A substantial part of the yeast central metabolism is regulated by phosphorylation

The Yeast 7.6 genome-scale metabolic model is manually curated by experts and contains 2302 reactions that have been assigned one or more of the 909 (15%) protein-coding genes to be catalyzing these specific reactions. Based on the stringency criteria to define a p-site (designated as ALL for all p-sites and HC), 412 (45%) or 197 (22%) of the metabolic proteins are phosphorylated and may control 1176 or 656 reactions, respectively. Thus, protein phosphorylation is likely to exert significant control over the yeast central metabolism (see Figure 1). A previous analysis on older and less filtered datasets also identified half of the metabolic proteins as being phosphorylated (Oliveira and Sauer 2012). Similarly, a review focused on yeast carbon metabolism reported more than half of the relevant enzymes to be targets of post-translational modifications (Tripodi ), whereas another review has identified 41 phosphoregulated enzymes that have been experimentally verified (Chen and Nielsen 2016). Furthermore, genetic perturbations of the yeast kinome revealed significant changes in concentrations of hundreds of intracellular metabolites (Schulz ). Although the current phosphoproteomic data are incomplete in terms of individual p-site detection, an analysis by our group has revealed that most of the phosphoproteins have already been detected (Vlastaridis ), thus these conclusions appear robust.

Figure 1

Protein phosphorylation is likely to exert significant control over S. cerevisiae central metabolism. Nodes represent metabolites and lines represent reactions in the Kyoto Encyclopedia of Genes and Genomes (KEGG) metabolic map. Blue color is for reactions that are controlled by at least one enzyme that undergoes phosphorylation. Red color is for reactions that are controlled by at least one enzyme that contains High Confidence (HC) p-site/s.
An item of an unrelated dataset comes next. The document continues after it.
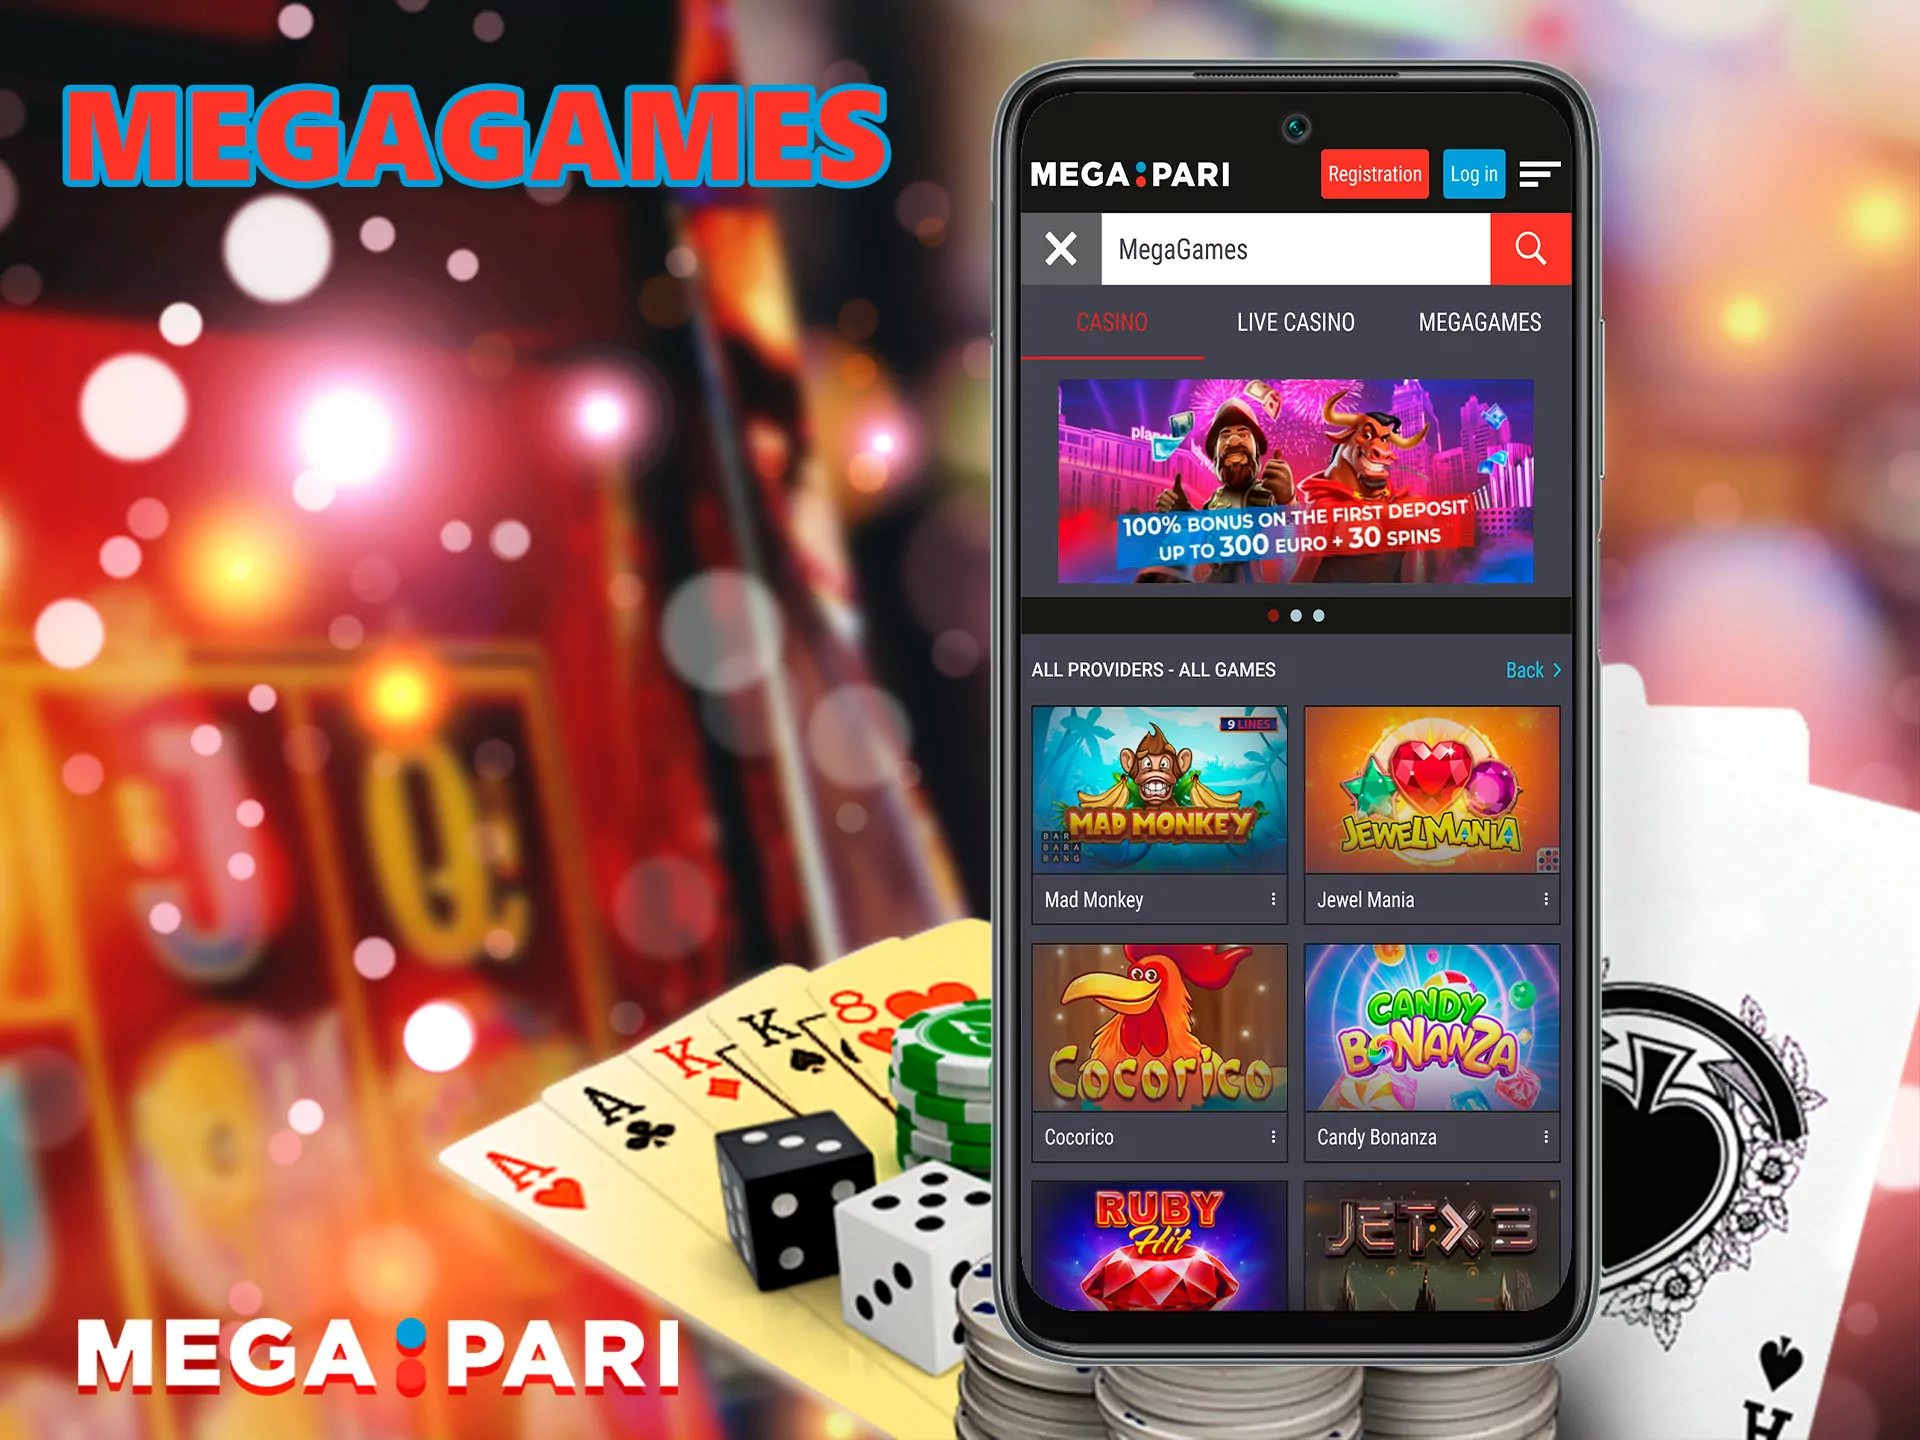 A giant collection of games, here you will find a lot of entertainment both from the casino itself and from the provider, card games, slots, lotteries, craps and other games - all this is available on the site and in the application.

Mapping was performed with the KEGG mapper tool (Kanehisa ), using the Uniprot identifiers of the yeast phosphorylated enzymes. A significant proportion of metabolic proteins are phosphorylated and yet there does not seem to be any major enrichment or depletion for phosphorylation in metabolic enzymes compared to the rest of the proteome (45 and 27% for ALL and HC, respectively). Twelve percent (1668/14339) of ALL and 9% (499/5519) of HC p-sites are found in metabolic proteins (designated as phosphometabolic proteins). On average, phosphometabolic proteins have 4 and 2.5 p-sites (ALL and HC, respectively), whereas the rest of the phosphoproteome has 5.7 and 3.7 p-sites, respectively, a statistically significant difference (Wilcoxon p-value < 0.006). In addition, 31% of ALL metabolic and 20% of HC metabolic p-sites are found within PFAM domains, indicating a potentially significant impact on structure, and probably on function. In contrast, 21% of ALL and 21% of HC p-sites are found within PFAM domains (see Table 1). Nevertheless, the next section shows that important enzymes tend to be regulated by phosphorylation.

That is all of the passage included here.